Ja -weezus Cowboy! Christmas came early for you!
Nice haul.


----------



## hojoe (Dec 1, 2004)

Some guys have all the luck Good for you! You gonna tell us how much these gems cost you? Inquiring minds want to know.
hojoe


----------



## tjd241 (Jan 25, 2004)

*YUP... You've got us all green...*

with envy and jealous.... So ya might as well finish us off and makes us start crying like schoolgirls and tell us what you paid. nd


----------



## noddaz (Aug 6, 1999)

*Nice haul!*

Nice find there!
It shows that they are still out there...

Scott


----------



## coach61 (Sep 6, 2004)

nice haul! funny I saw you title and even I got excited har! So finish us off how much.. and if you send them all to me I will take pictures...


lol

Dave


----------



## SplitPoster (May 16, 2006)

Darn! Well you could sell off a couple of the nice pieces (at most) and get a fine digital camera! That reads like a good portion of my "most wanted list." 
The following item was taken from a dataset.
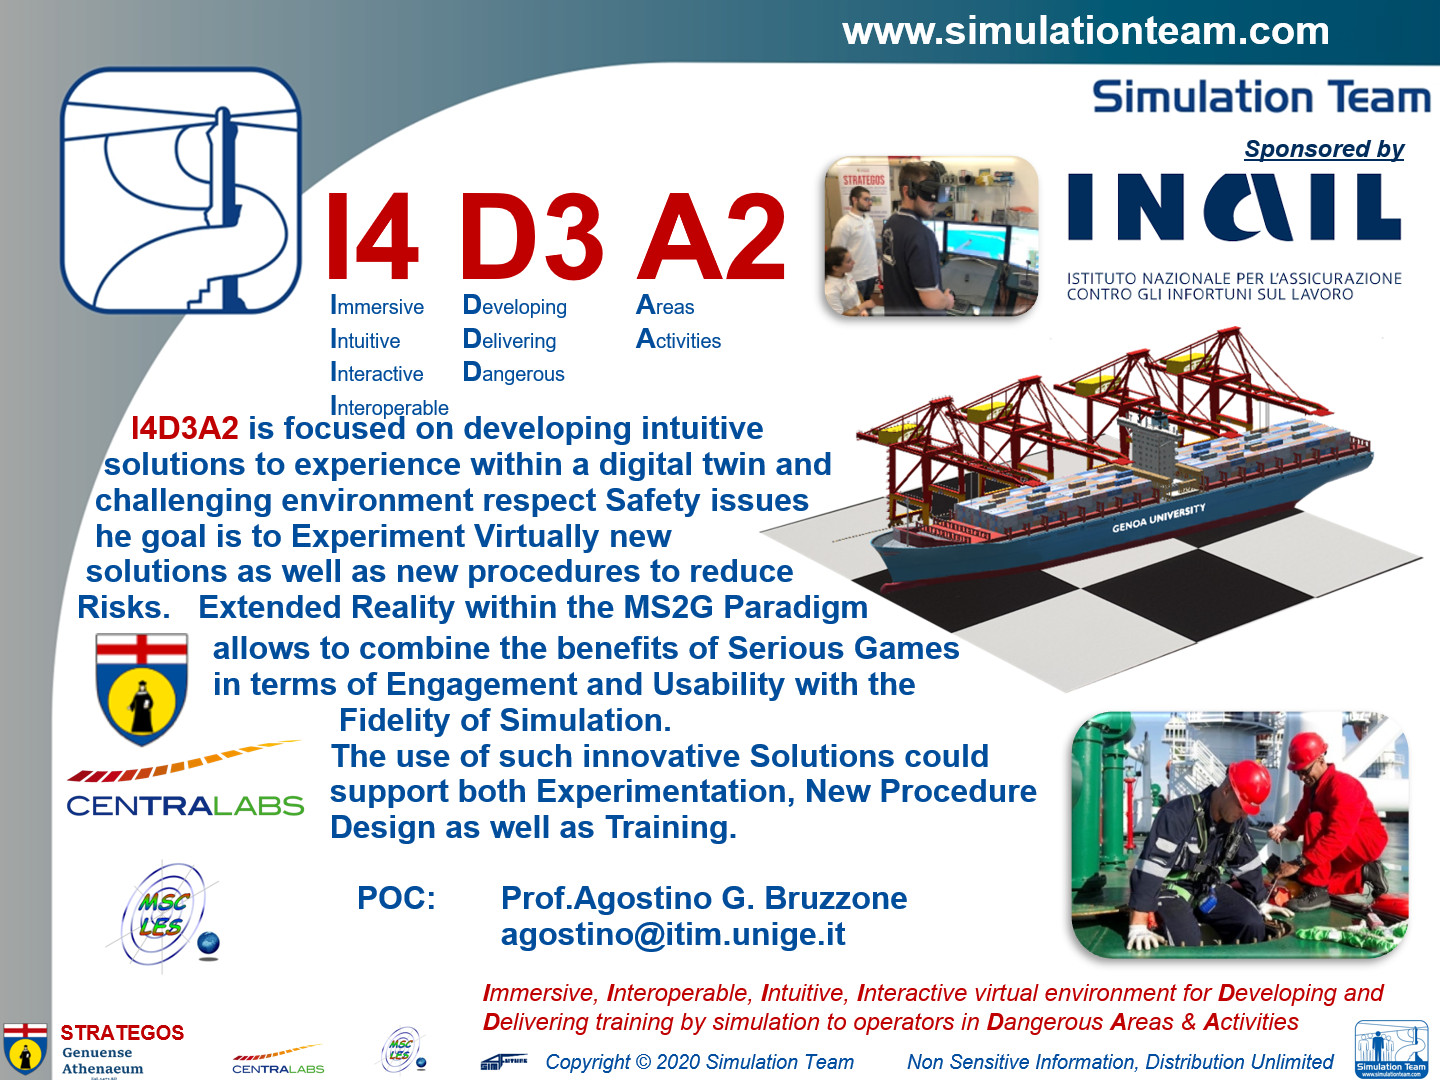 I4 D3 A2 - Immersive, Interoperable, Intuitive, Interactive virtual environment for Developing and Delivering training by simulation to operators in Dangerous Areas & Activities

No, this isn't posted April 1...... 

Yeah, please do twist the knife a bit and tell us what you laid out for this haul..... oh the agony.


----------



## AfxToo (Aug 29, 2003)

You are the lucky dog this week.


----------



## fordcowboy (Dec 27, 1999)

You're right, I need a new digital camera, but my computer wise wife says we need a new computer & camera. So it's on our wish list.
The total was $235. I went to talk the guy that was running the bid up on me to see where his interest lied. He was only bidding b/c they were in the packages. He has no interest in slot cars at all. And he really didn't seem to understand they were "slot" cars. He just knew they were old cars still in the packages. 
So finding slot cars at an auction MIP can be a double edged sword.
I'll try borrowing a camera & get some pics up.
Later,
Lendell


----------



## krazcustoms (Nov 20, 2003)

Sweet find!!!!!! I told everyone they are still out there!


----------



## bobhch (Apr 22, 2007)

You Lucky Duck!

Bob


----------



## fordcowboy (Dec 27, 1999)

I've got them all put up behind glass today for display. They look pretty cool amidst my collection. I didn't have any of these cars & now I do. It was worth skippin the Chicago show for. The one slot car guy that lives here town wanted to know what I was going to sell them for! I said, "man, I don't want to sell 'em; I want to show them off!" 
Later,
fordcowboy


----------



## win43 (Aug 28, 2006)

Nice!!!! Wish I had a barn like that across the street from me


----------



## roadrner (Jul 21, 1999)

FCB,
Nice score! Hurry up and get that camera.:thumbsup::thumbsup: rr


----------



## gear buster (Dec 1, 2005)

*super score*

Ford,

Great score :thumbsup: I had to walk into my barn but didn't find and slotcars just alot of do..do..:drunk: LOL
Now, send them to me I will wash and wax everyone of them..


----------



## fordcowboy (Dec 27, 1999)

Picture, picture, here's the group photo!


----------



## hojoe (Dec 1, 2004)

DUDE!! You can probably sell that O gauge car (I realize your not gonna sell any of them) for the total you paid for all of it and recoupe you money. And the brown Atlas car is probably worth a fortune. Congrats on a great buy!
hojoe:wave:


----------



## roadrner (Jul 21, 1999)

You could get a camera real easy with a couple of pieces from that lot and have a bunch leftover. Nice! :thumbsup::thumbsup: rr


----------



## bobhch (Apr 22, 2007)

You should frame that picture man...nice find!


----------